Longstreet got up, knelt down under the hot plate where there was a minifridge, put a few ice cubes in a cup and handed it to Diana. “Your teeth?” she said as a grateful Diana poured the ice into her tea and nodded. “We see a lot of that, here. Don’t even get me started on why dental care is a separate issue from regular healthcare.”

“I’m with you, there,” said Diana. She sipped, smiled, swallowed. “So who was Lazarus?”

Longstreet flushed. “I didn’t make up the name, I swear. It was a former client, one now living on his own, who had been a minister before his… issues took control of him. Neither one of you knows the reference?”

Diana said, “My stepmother and I used to read lots of books of mythology together, so I recognized the name, but don’t remember the story.”

“Oh. It’s from the gospel of John. Lazarus was a local man who Jesus… brought back from the dead.” At their expressions, “Like I said, I didn’t make up the name.”
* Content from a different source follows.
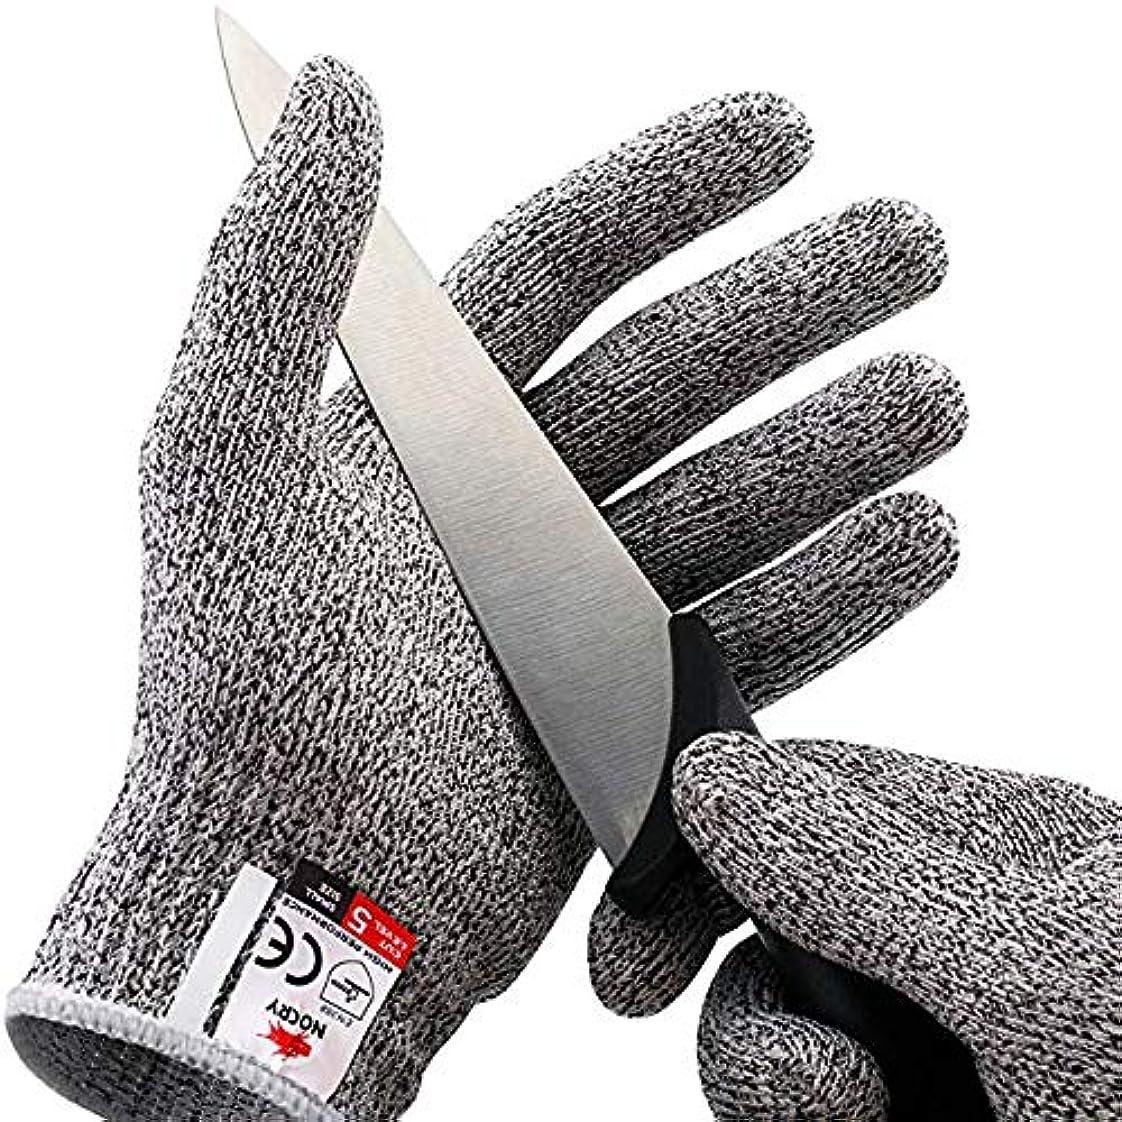 くそー性格食事を調理する食品グレード、高パフォーマンスレベル5の保護 - 耐性の手袋をカット。,L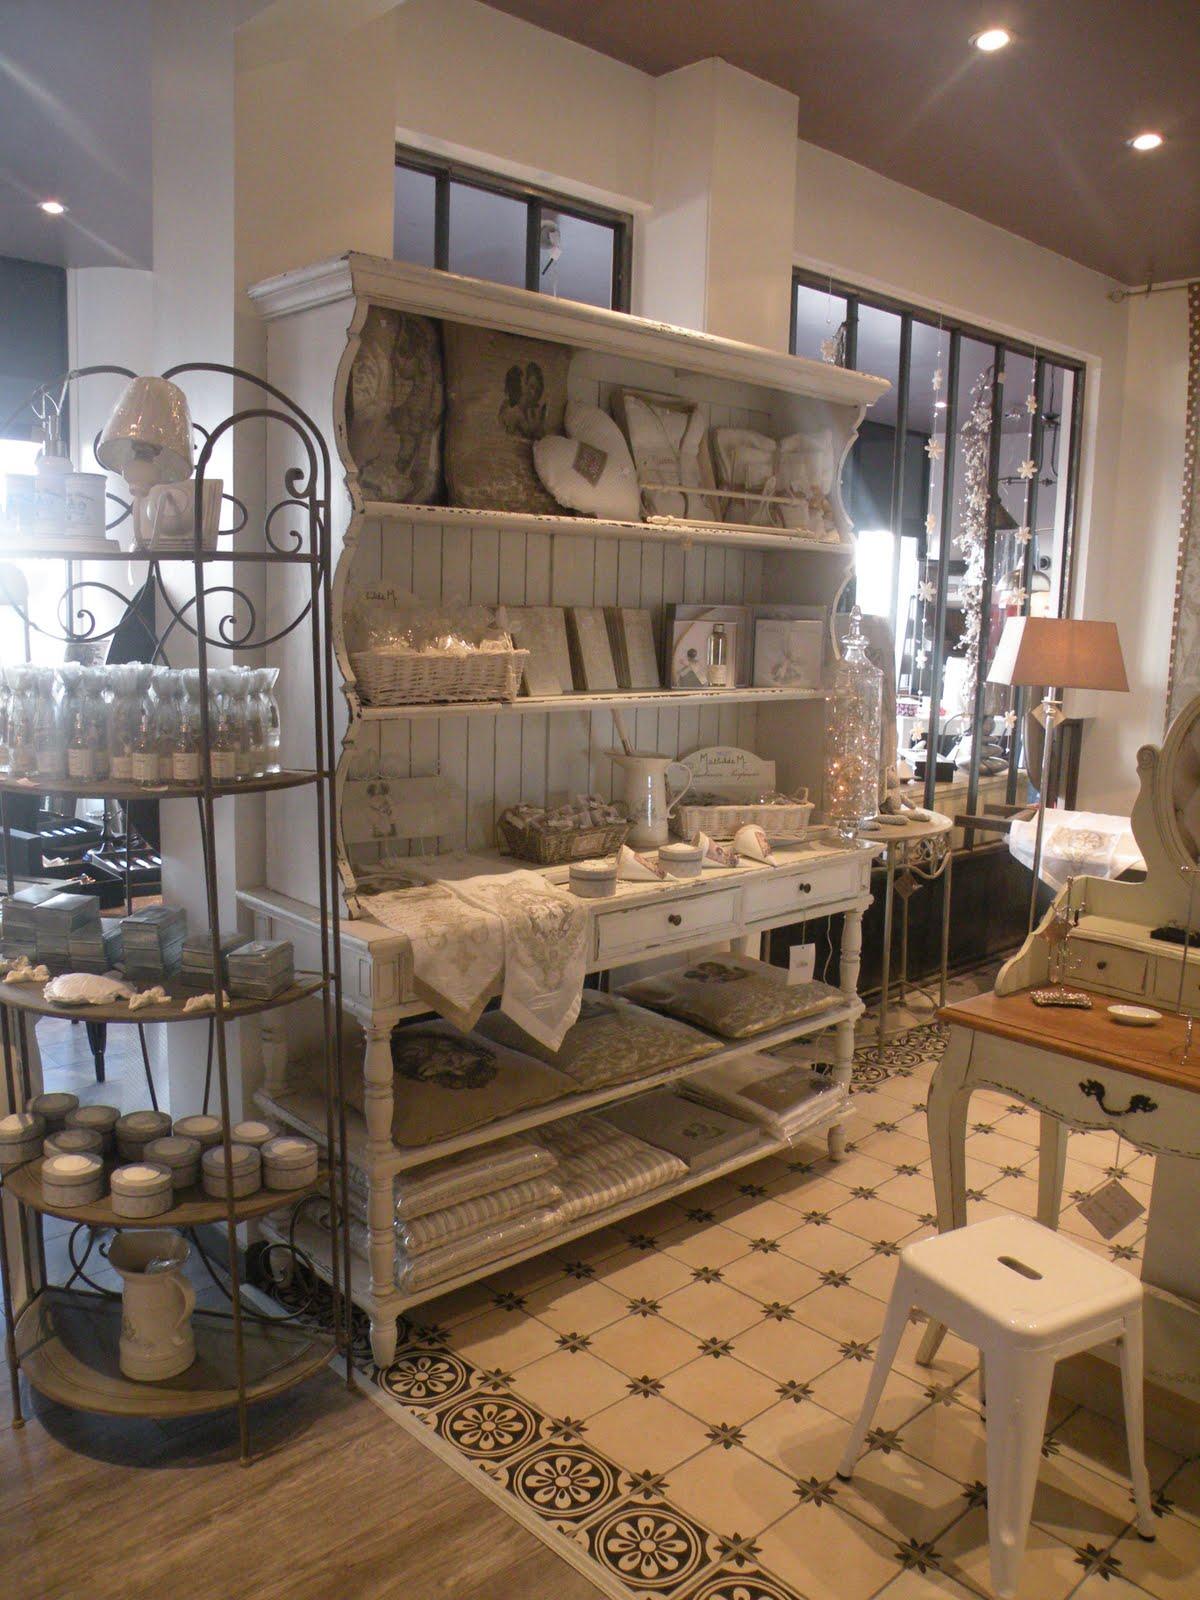 L 39 atelier des f es nouvel espace mathilde m senteurs for Mathilde m meubles

Claire goes by works, not faith nor spectacle. But at the same time, she’s allowing people to call her Jesus, which is generally regarded as a warning sign. She understands that our medical system is the travesty that causes homelessness, but she’s providing unlicensed “pastoral” counseling instead of trained therapy. She’s a study in contradictions, which is intended: it renders her both more vivid and more relevant to the central plot. I’m setting her up to be a point of ambiguity, which remember “ambiguous” is right from the start one of our theme words.

In real life, I the author am pretty hostile to religion in general: it’s an authoritarian fairy tale. This makes it a challenge to portray people with faith without unconsciously slanting things negatively. But of course, there are tens of millions of people for whom their religion is a big net positive, even if I might think that overall religion hurts humanity. One of my favorites among my short stories is Bird of Paradise, which has decent, kind religious people at its heart.